In a stride toward real-time image generation, Stability AI has unveiled Stable Diffusion XL Turbo (SDXL Turbo), an advanced AI image-synthesis model capable of swiftly transforming written prompts into visuals. Remarkably, this model extends its agility to quickly process images from sources like webcams, positioning itself as a frontrunner in the domain of immediate image generation.
The standout feature of SDXL Turbo lies in its streamlined process, generating image outputs in a single step—a quantum leap from the 20–50 steps mandated by its precursor. The driving force behind this efficiency surge is Stability’s innovative technique, Adversarial Diffusion Distillation (ADD). This method leverages score distillation, enabling the model to glean insights from existing image-synthesis models.

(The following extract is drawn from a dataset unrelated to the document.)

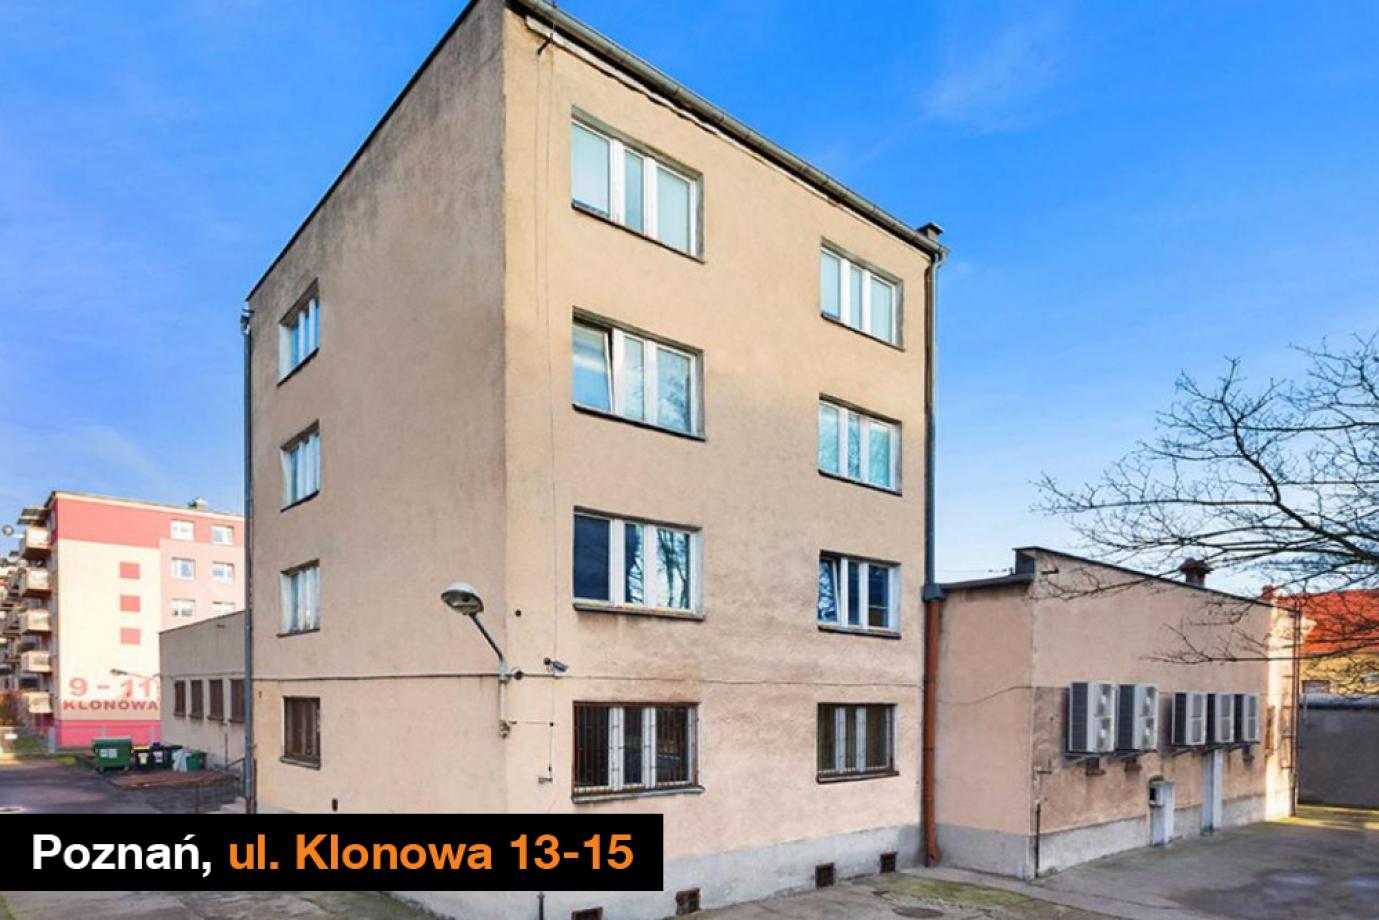 Poznań, ul. Klonowa 13-15

Additionally, the infusion of adversarial loss sharpens the model’s ability to discern between authentic and generated images, augmenting the realism of the output.
The inner workings of SDXL Turbo, elucidated in a recently released research paper, emphasize the prowess of the ADD technique. While the images generated by SDXL Turbo may lack the intricate details of higher-step SDXL images, it emerges as a speed-focused complement rather than a replacement for its predecessor.
To put its rapid capabilities to the test, SDXL Turbo was run locally on an Nvidia RTX 3060, exhibiting the generation of a 3-step 1024×1024 image in just about 4 seconds—vastly outperforming the 26.4 seconds required for a comparable 20-step SDXL image. Notably, smaller images display even swifter generation times, showcasing the model’s adaptability to varying specifications.
The real-time claim gains credence as Stability AI asserts that, on an Nvidia A100—a potent AI-tuned GPU—SDXL Turbo can generate a 512×512 image in a mere 207 milliseconds, encompassing encoding, a single de-noising step, and decoding. This unprecedented speed opens avenues for applications like real-time generative AI video filters and experimental video game graphics generation, contingent on resolving coherency challenges, such as maintaining consistency across frames or generations.
While SDXL Turbo is presently accessible under a non-commercial research license, which confines usage to personal, non-commercial objectives, Stability AI has expressed receptivity to potential commercial applications. Despite internal management challenges, including calls for CEO Emad Mostaque’s resignation and contemplation of a company sale, Stability AI continues its prolific release schedule, recently unveiling Stable Video Diffusion.
For a firsthand experience of SDXL Turbo’s capabilities, Stability AI provides a beta demonstration on its image-editing platform, Clipdrop. An unofficial live demo on Hugging Face further allows enthusiasts to explore this cutting-edge technology. As with any technological advancement, the lingering concerns about training data provenance and misuse caution users to tread carefully in the realm of AI image synthesis. Yet, the relentless progress in this domain remains undeniable.